A Rank 1 tensor indicating the best feature dimension for each feature to split for each node.

public Output <Float> gains ()

A Rank 1 tensor indicating the best gains to split each node.

public Output <Float> leftNodeContribs ()

A Rank 2 tensor indicating the contribution of the left nodes when branching from parent nodes to the left direction by the given threshold for each feature. This value will be used to make the left node value by adding to the parent node value. Second dimension size is logits dimension.

public Output <Integer> nodeIds ()

A Rank 1 tensor indicating possible node ids that can be split.

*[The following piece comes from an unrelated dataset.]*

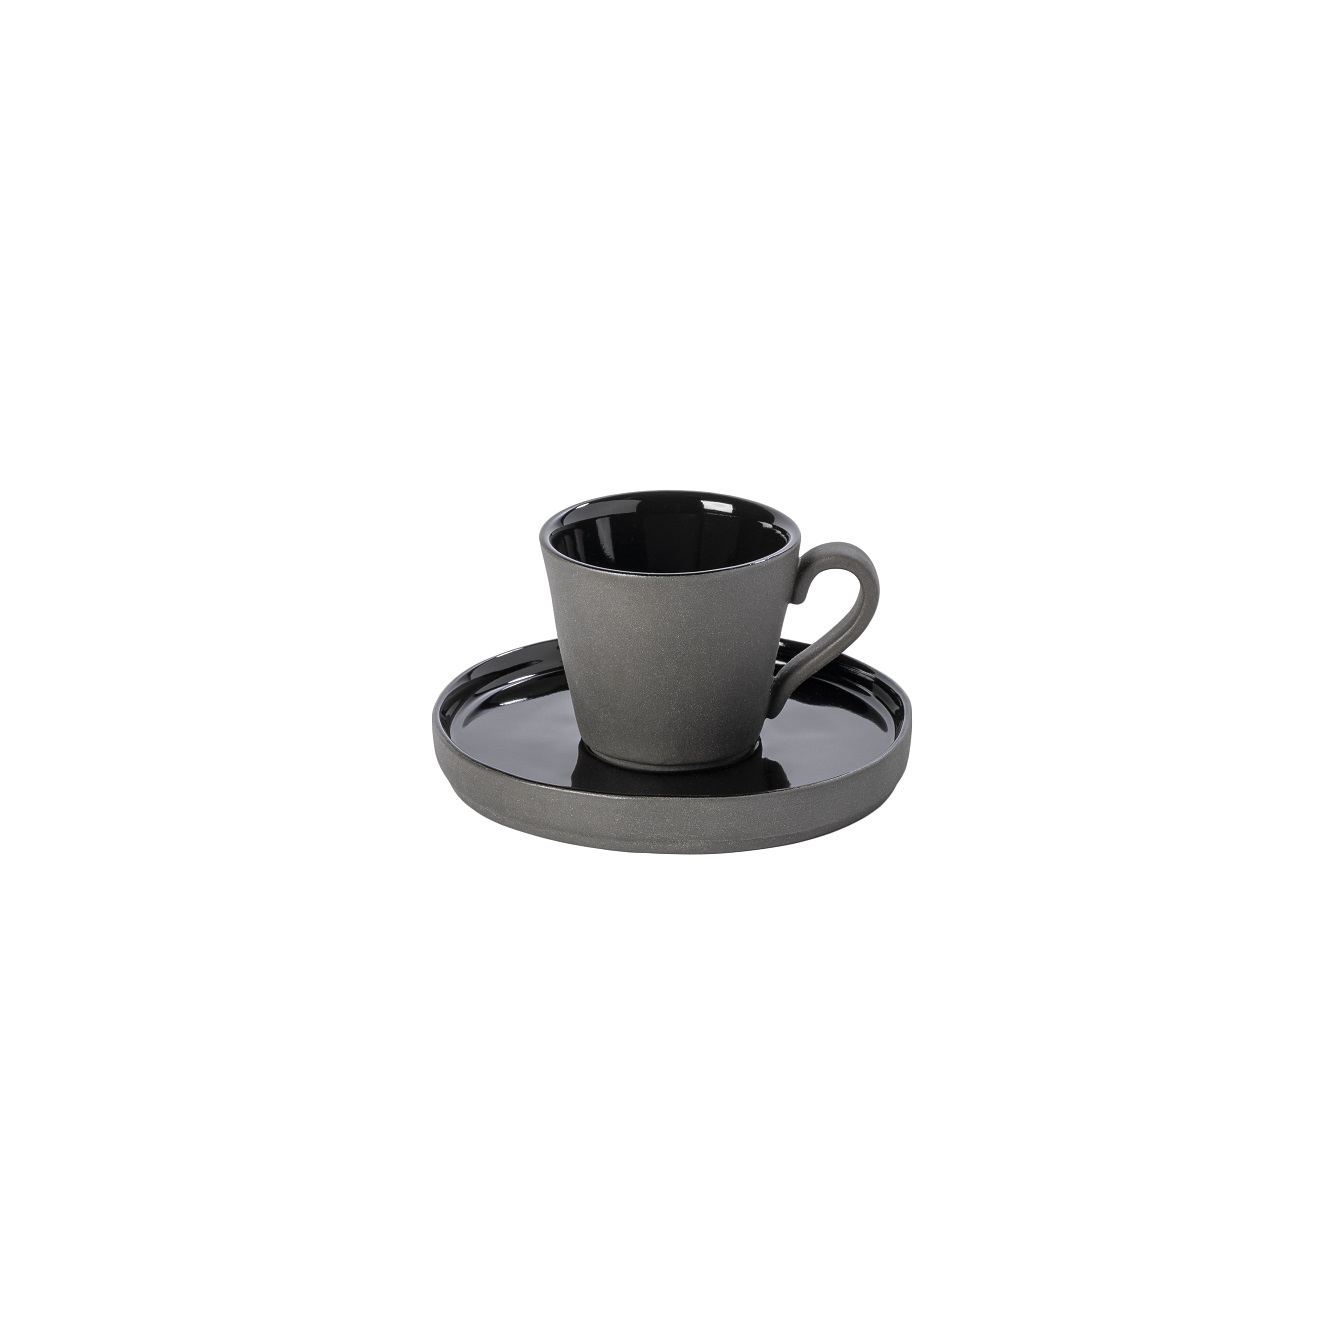 Lagoa Eco-gres Black Coffee Cup & Saucer 0.09l Gift
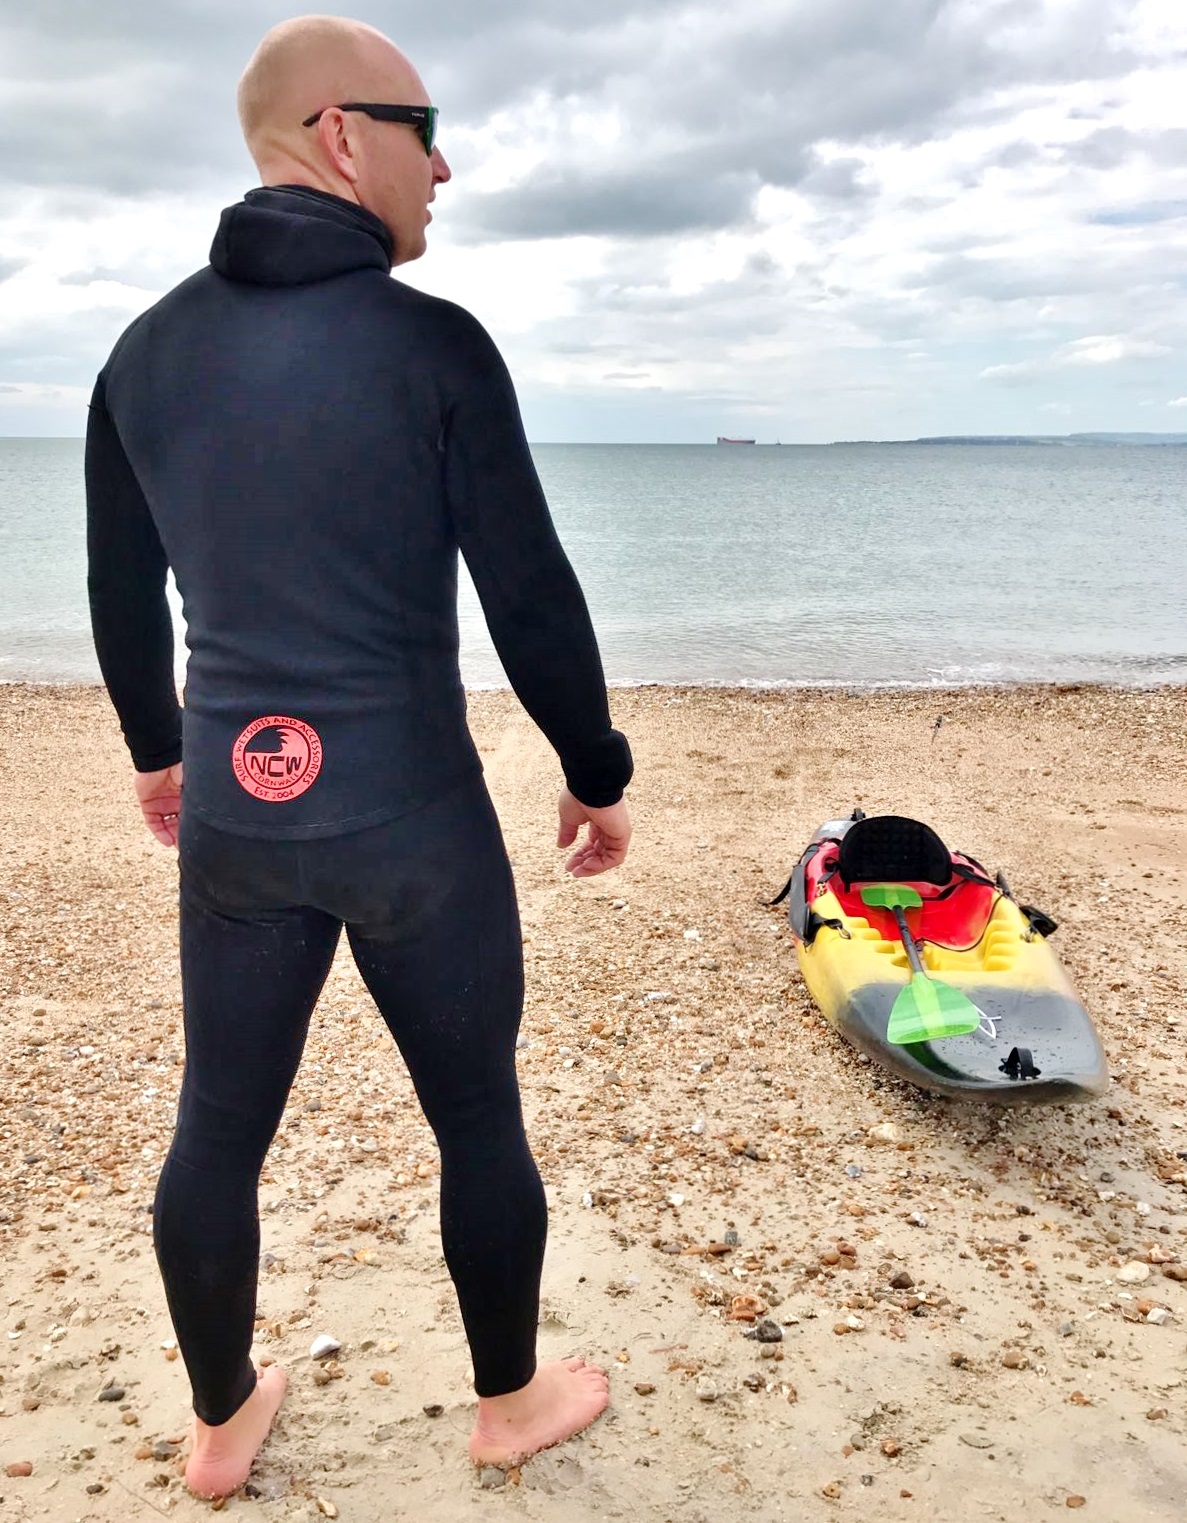 https://www.northcoastwetsuits.co.uk/wp-content/uploads/2017/08/sea-strides-rear2.jpg

public Output <Float> rightNodeContribs ()

A Rank 2 tensor, with the same shape/conditions as left_node_contribs_list, but just that the value is for the right node.

public static BoostedTreesSparseCalculateBestFeatureSplit.Options splitType (String splitType)

Parameters
splitType A string indicating if this Op should perform inequality split or equality split.

public Output <String> splitWithDefaultDirections ()

A Rank 1 tensor indicating which direction to go if data is missing. Inequality with default left returns 0, inequality with default right returns 1, equality with default right returns 2.

public Output <Integer> thresholds ()

A Rank 1 tensor indicating the bucket id to compare with (as a threshold) for split in each node.